**INFORMATION SHOWN**.
========================================
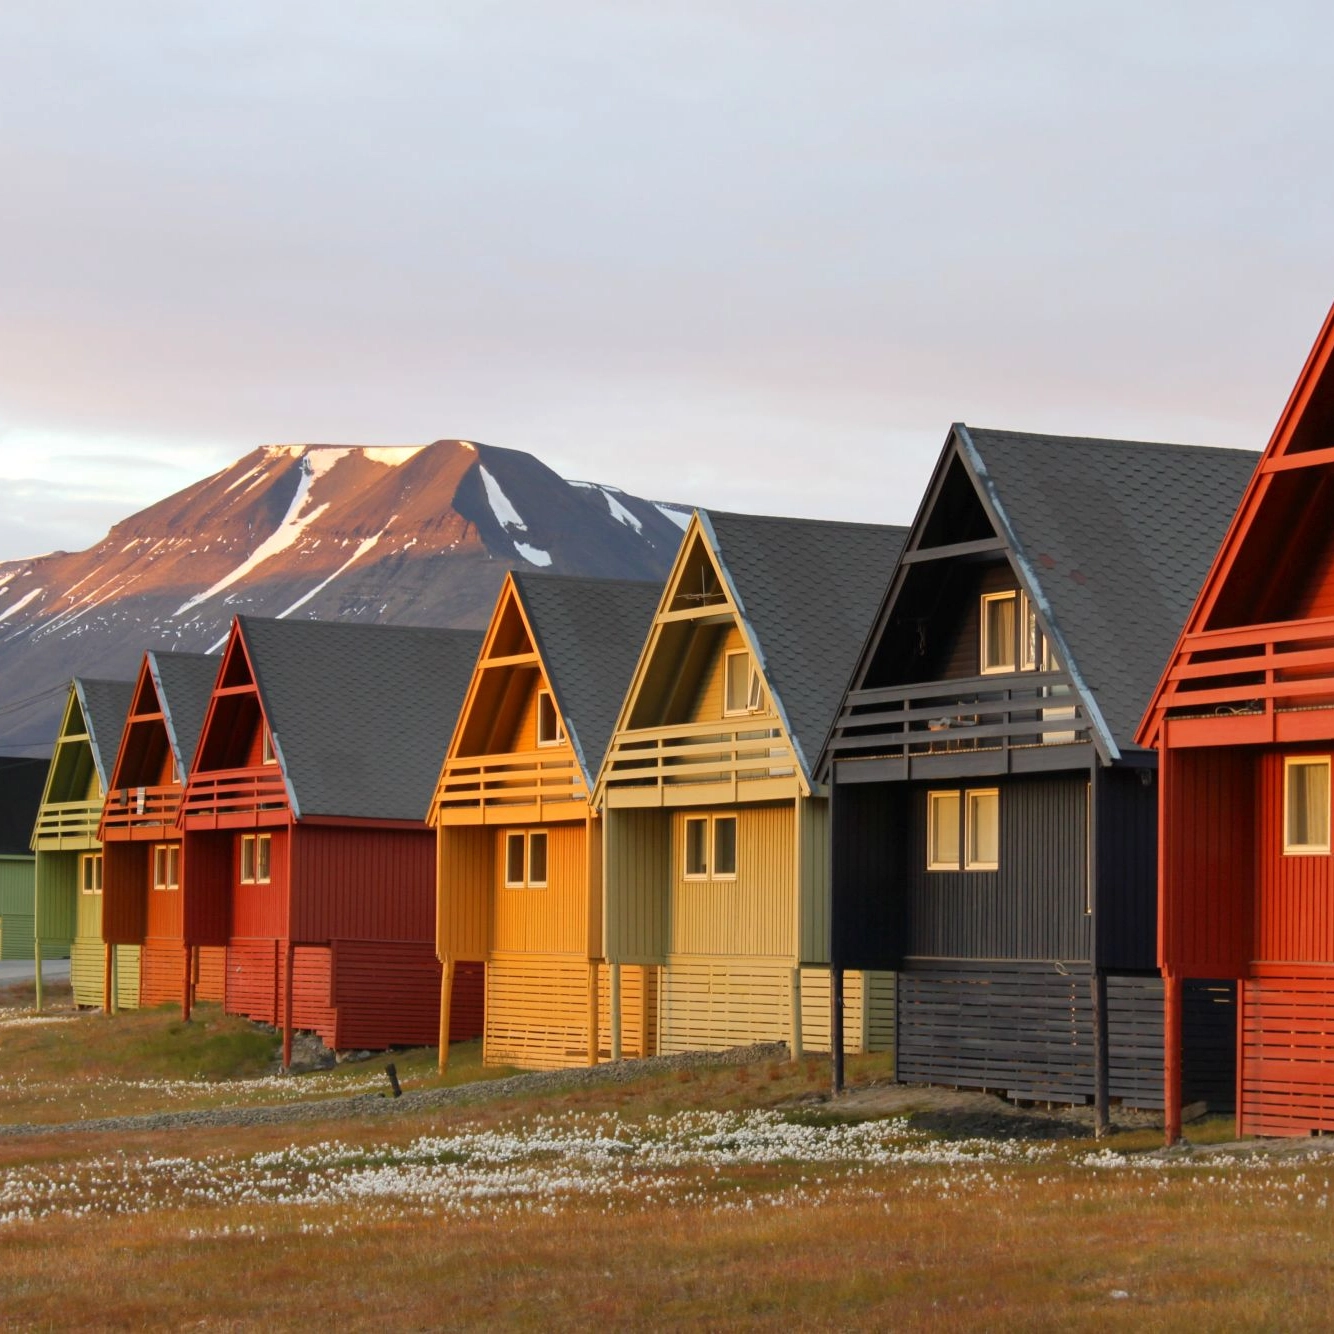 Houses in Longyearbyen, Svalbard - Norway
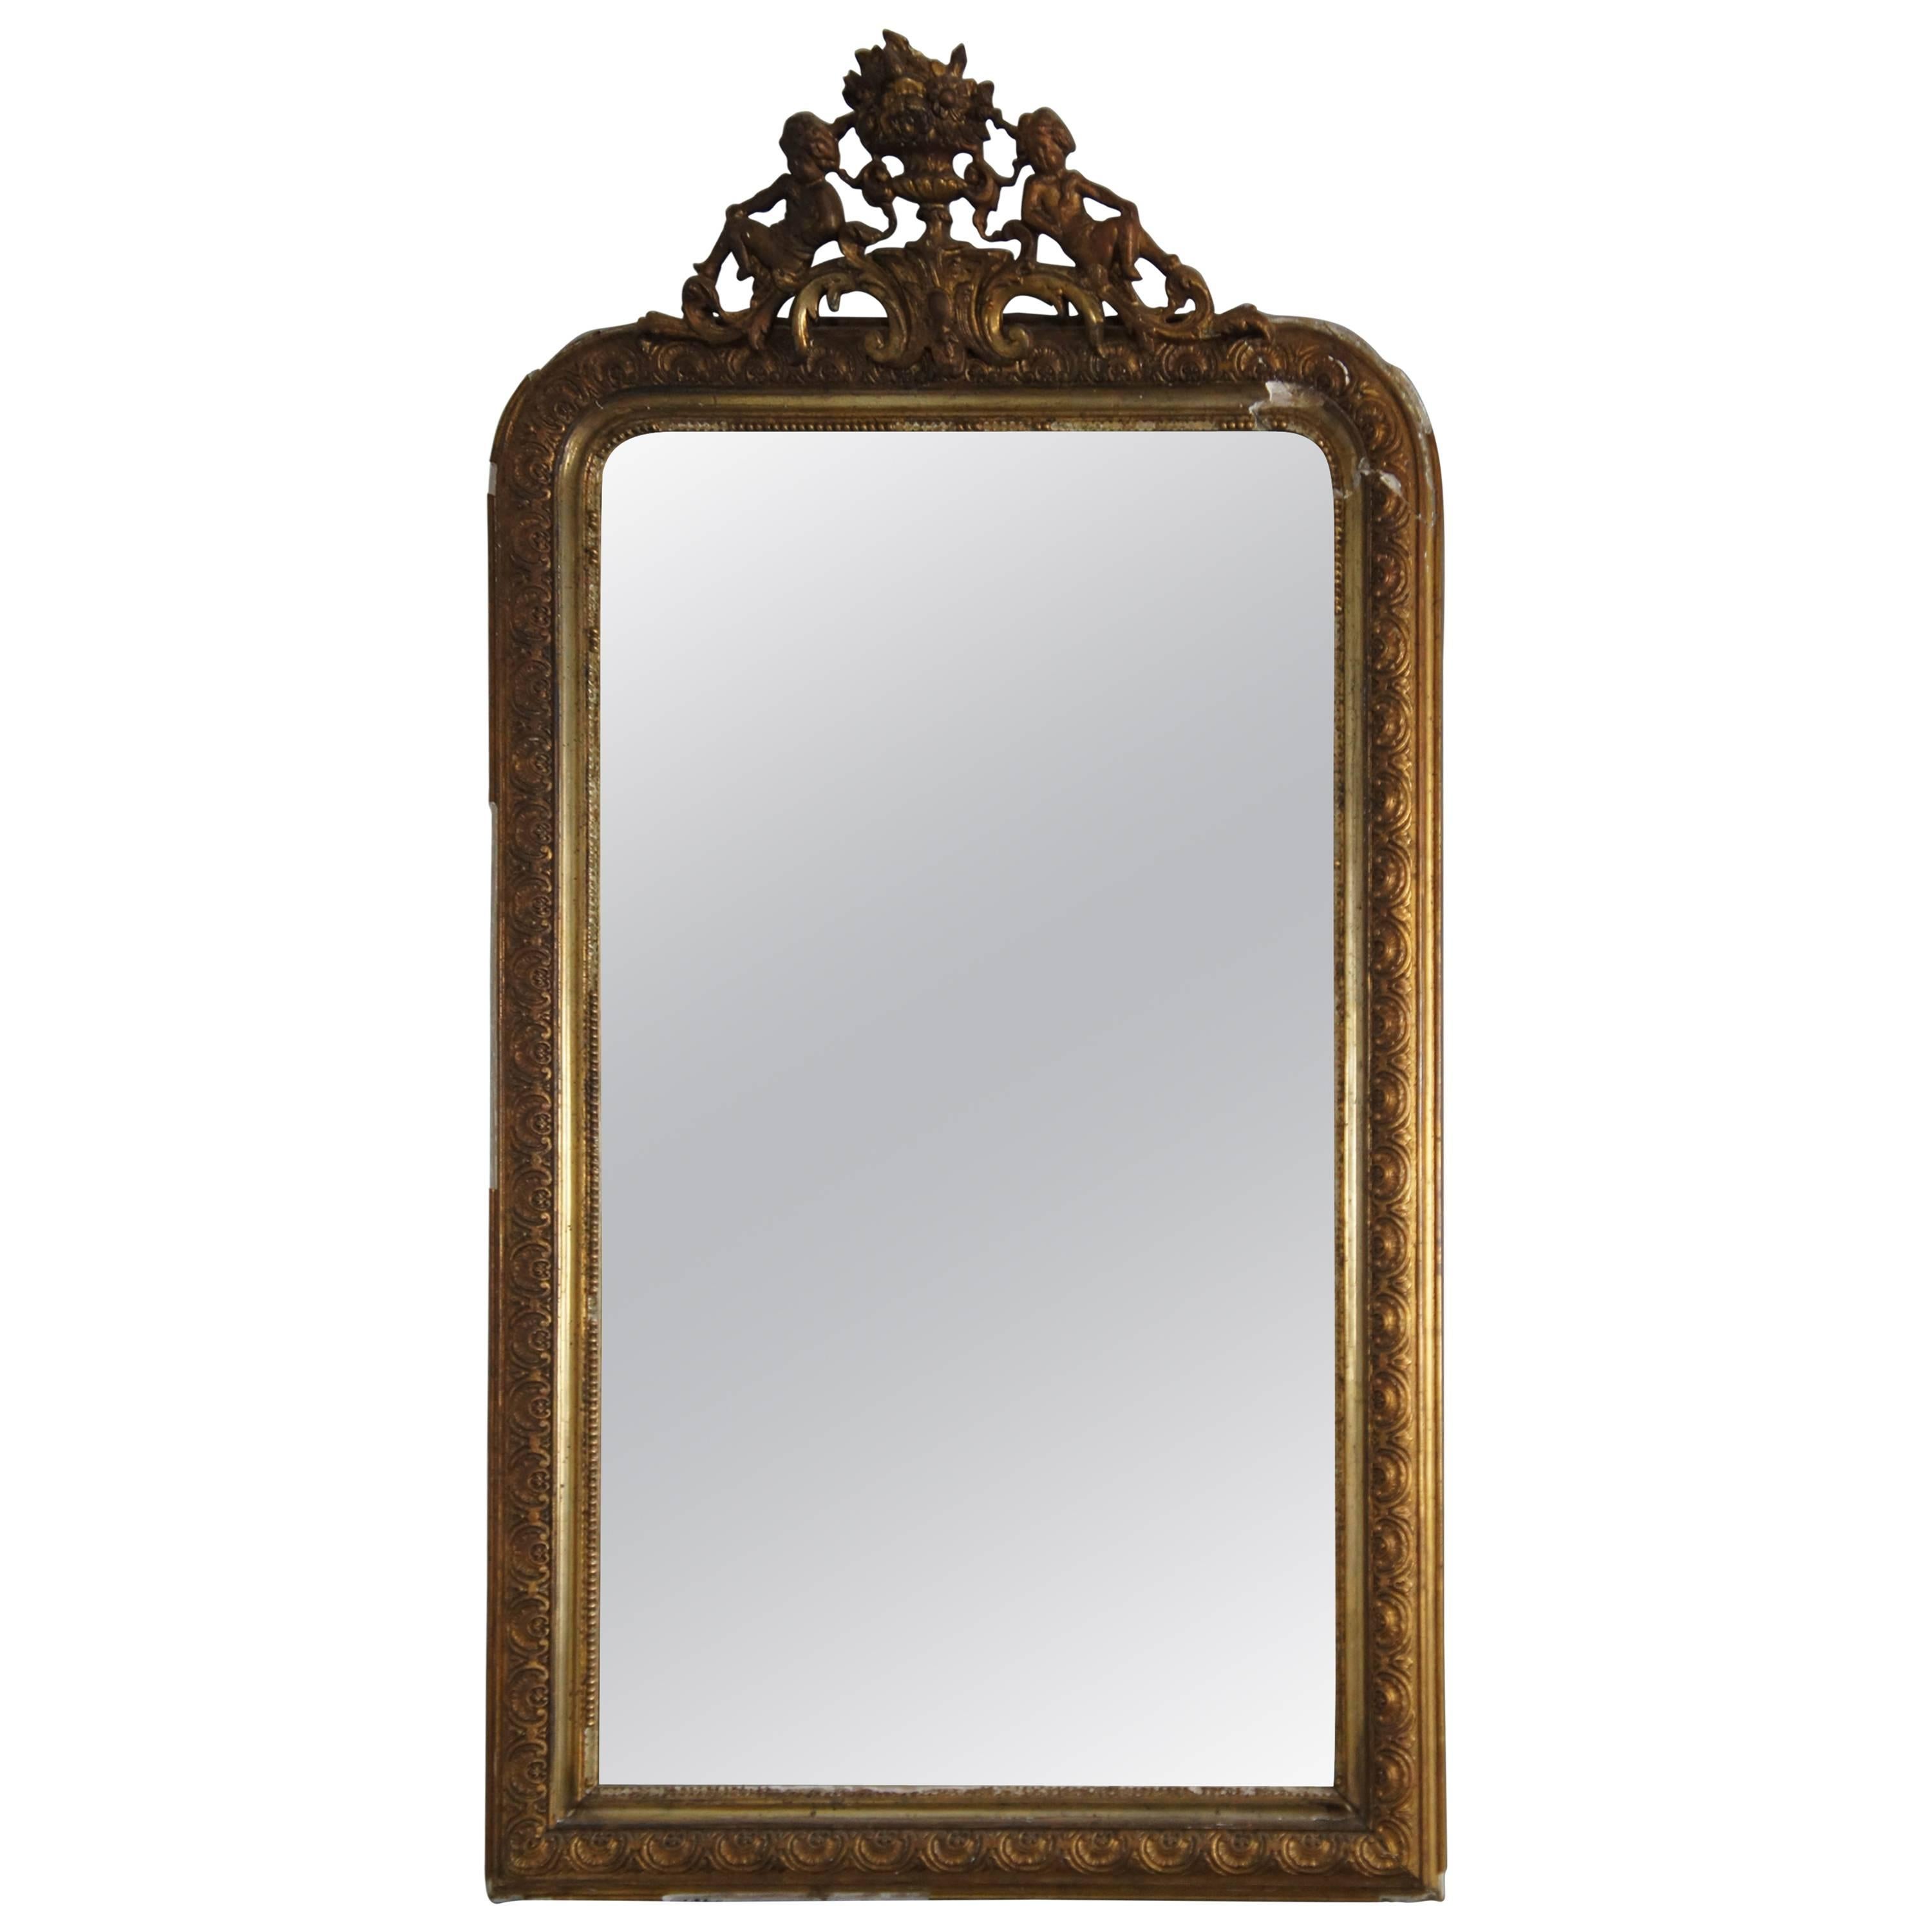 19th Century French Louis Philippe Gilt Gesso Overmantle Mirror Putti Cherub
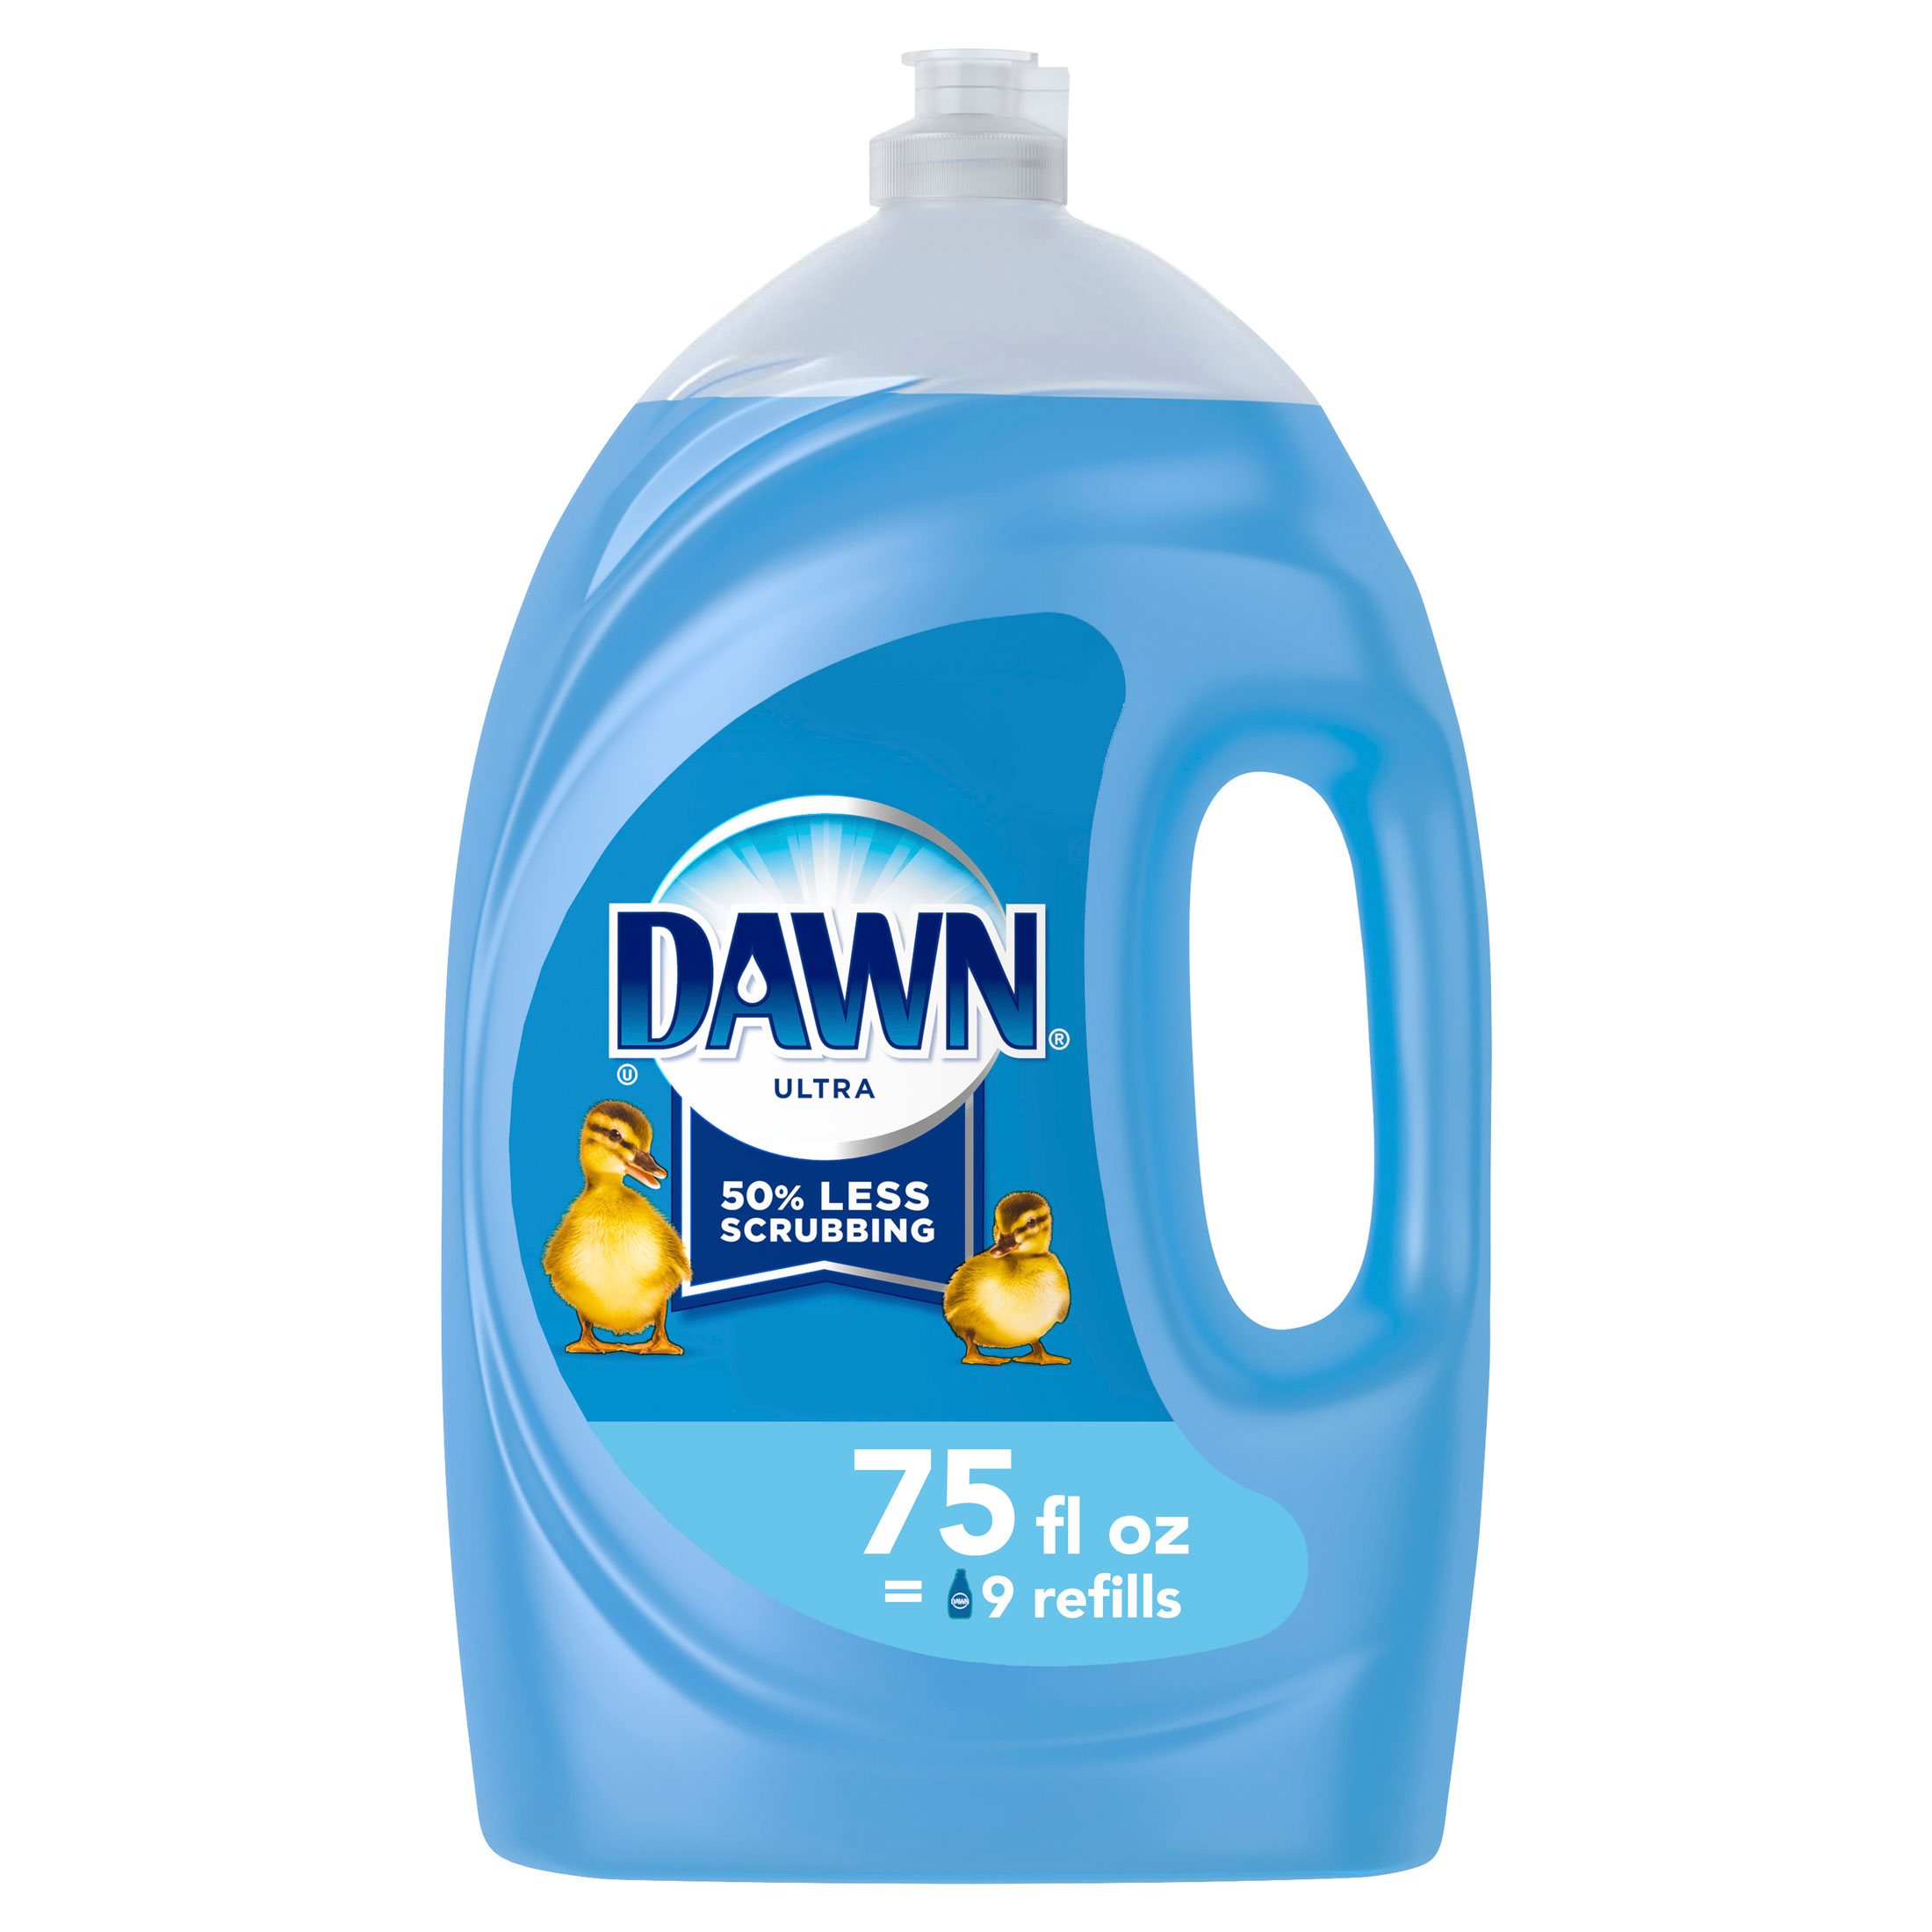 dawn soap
========================================
**ABOUT THIS EXERCISE**. Working from the material above, transcribe it exactly while omitting pictures.

**THE ANSWER**.
 Houses in Longyearbyen, Svalbard - Norway
 19th Century French Louis Philippe Gilt Gesso Overmantle Mirror Putti Cherub
 dawn soap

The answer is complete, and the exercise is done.